In recent years, a sub-population of cancer cells referred to as cancer stem cells (CSCs) has come under intense investigation for its potential roles in tumor initiation, therapy resistance, and tumor recurrence in a variety of neoplasias. These tumor-initiating cells share a number of characteristics with their normal stem cell counterparts, including the capacity to self-renew, differentiate into diverse cell types, and express molecular markers such as aldehyde dehydrogenase (ALDH), SOX2, CD133, CD44, and ABCG2. In particular, the activity of ALDH1 subfamily isozymes has been routinely used to isolate CSCs from whole tumors using flow cytometry, both alone and in combination with other markers. However, despite the use of ALDH1 activity as a CSC marker for several years, and evidence for its role in maintaining the stemness of mesenchymal glioma stem cells (MES GSCs) [1], very little is known about the specific mechanisms by which ALDH1 enzymes contribute to the stem cell/cancer stem cell phenotype. We have recently proposed that the retinaldehyde dehydrogenase activity of ALDH1A3, which converts retinal to retinoic acid (RA), a transcriptional activator, may contribute to the aggressive phenotype of MES GSCs [2]. More than 500 genes have been previously suggested to be regulated, either directly or indirectly, by RA [3]; thus, we hypothesized that RA-regulated genes induced downstream of ALDH1A3 activity may play a role in establishing a unique transcriptional profile that favors the stem cell/cancer stem cell phenotype. Uncovering this gene expression pattern may provide not only a deeper understanding of how CSCs fuel neoplastic growth and therapy resistance, but may also present novel therapeutic targets for eliminating this highly resistant population of cells.

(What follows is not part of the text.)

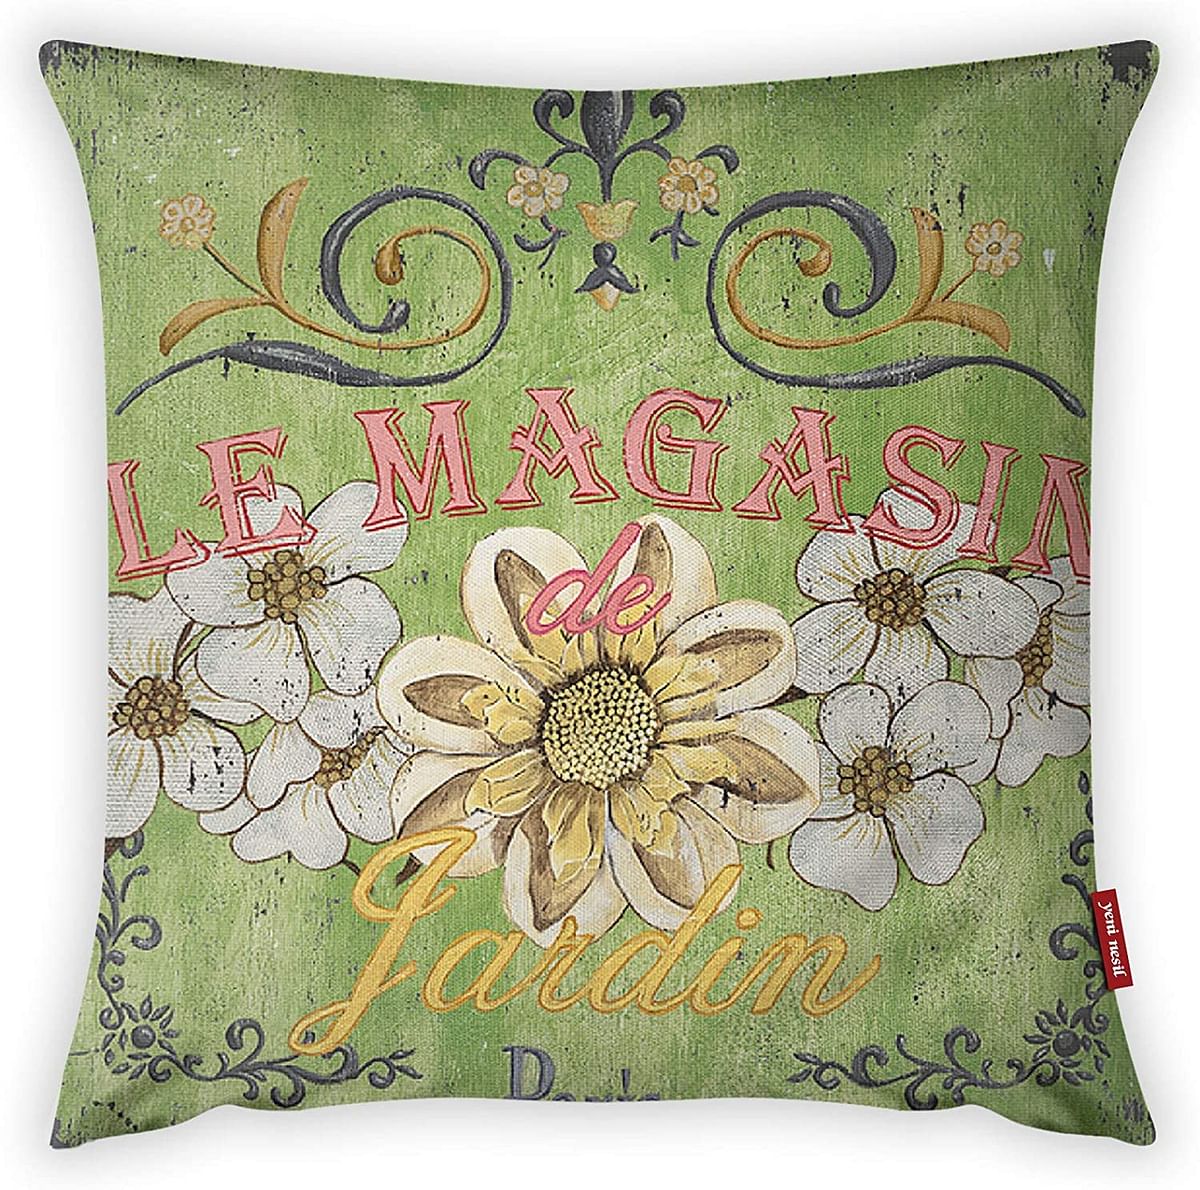 Mon Desire Decorative Throw Pillow Cover, Multi-Colour, 44 x 44 cm, MDSYST3178

While investigating potential transcriptional targets downstream of ALDH1A3 and RA in GSCs, we determined that tissue transglutaminase (tTG), a dual-function GTPase/acyltransferase encoded by the RA-responsive gene TGM2, is selectively expressed in ALDH1A3+ GSCs, but not in ALDH1A3- GSCs [2]. Moreover, the knockdown of ALDH1A3 is accompanied by a subsequent decline in tTG mRNA, which can be rescued by the addition of RA. These results suggest that TGM2 is indeed sensitive to ALDH1A3 activity, likely directly through the retinoic acid response elements in its promoter region. As further evidence for this regulatory pathway, we have demonstrated in ALDH1A3-/tTG- GSCs that the ectopic expression of wild type ALDH1A3, but not a catalytically inactive form, leads to the expression of tTG. This relationship between ALDH1 activity and tTG expression was correlated in other cancer cell lines as well, including cells derived from cervical, lung, and pancreatic carcinomas, and may pertain to a wide variety of cancers [2].

The relationship between ALDH1A3 and tTG is significant because tTG is linked to the development of aggressive cancers, and has been shown to play a role in chemotherapy resistance, migration, and survival of cancer cells, and additionally impacts the ability of CSCs to self renew [4]. Thus, ALDH1A3 contributes to the insidious CSC phenotype, at least in part, through its ability to regulate the expression of this important survival factor in cancer. It also highlights the opportunity to target tTG as a strategy to eliminate ALDH1A3+ CSC populations, including GSCs. Conventional inhibitors of tTG target the transamidation site of the enzyme, thereby inhibiting the ability of tTG to function as an acyltransferase. It is now appreciated, however, that such inhibitors can be extremely effective in promoting cell death regardless of whether tTG is a functional acyltransferase in any given cellular context, by their ability to induce a global conformational change in tTG [5,6]. Specifically, upon drug binding, tTG transitions from a closed, globular structure to an open, elongated structure that is highly toxic to cells. Although this conformation is naturally-occurring and required for the transglutaminase activity when tTG is secreted from cells, the conformation is strictly regulated within cells. It is the binding of GTP/GDP which induces tTG to adopt a closed conformation, whereas the release of guanine nucleotide and high concentrations of Ca2+ allow tTG to adopt the open, acyltransferase-active state. Based on the high cellular levels of GTP and the carefully regulated secretion of Ca2+, it is likely that tTG primarily exists in the closed state in cells. Thus, we and others have been interested in developing new classes of compounds that function to stabilize the open conformation of tTG, as there is an important need for next generation tTG inhibitors with enhanced specificity and cell permeability to allow the targeting of tTG to become a clinically relevant therapeutic strategy.

Our study sheds light on just one of potentially hundreds of transcriptional targets of RA downstream of ALDH1 activity, and highlight the need to further define the gene expression signature that accompanies this CSC marker. RNA-Seq experiments in ALDH1+ CSCs derived from a diverse array of cancers may help to pinpoint common transcriptional targets of RA in these cells, and may also identify additional therapeutic targets that can resensitize recurrent or refractory cancers to standard therapies.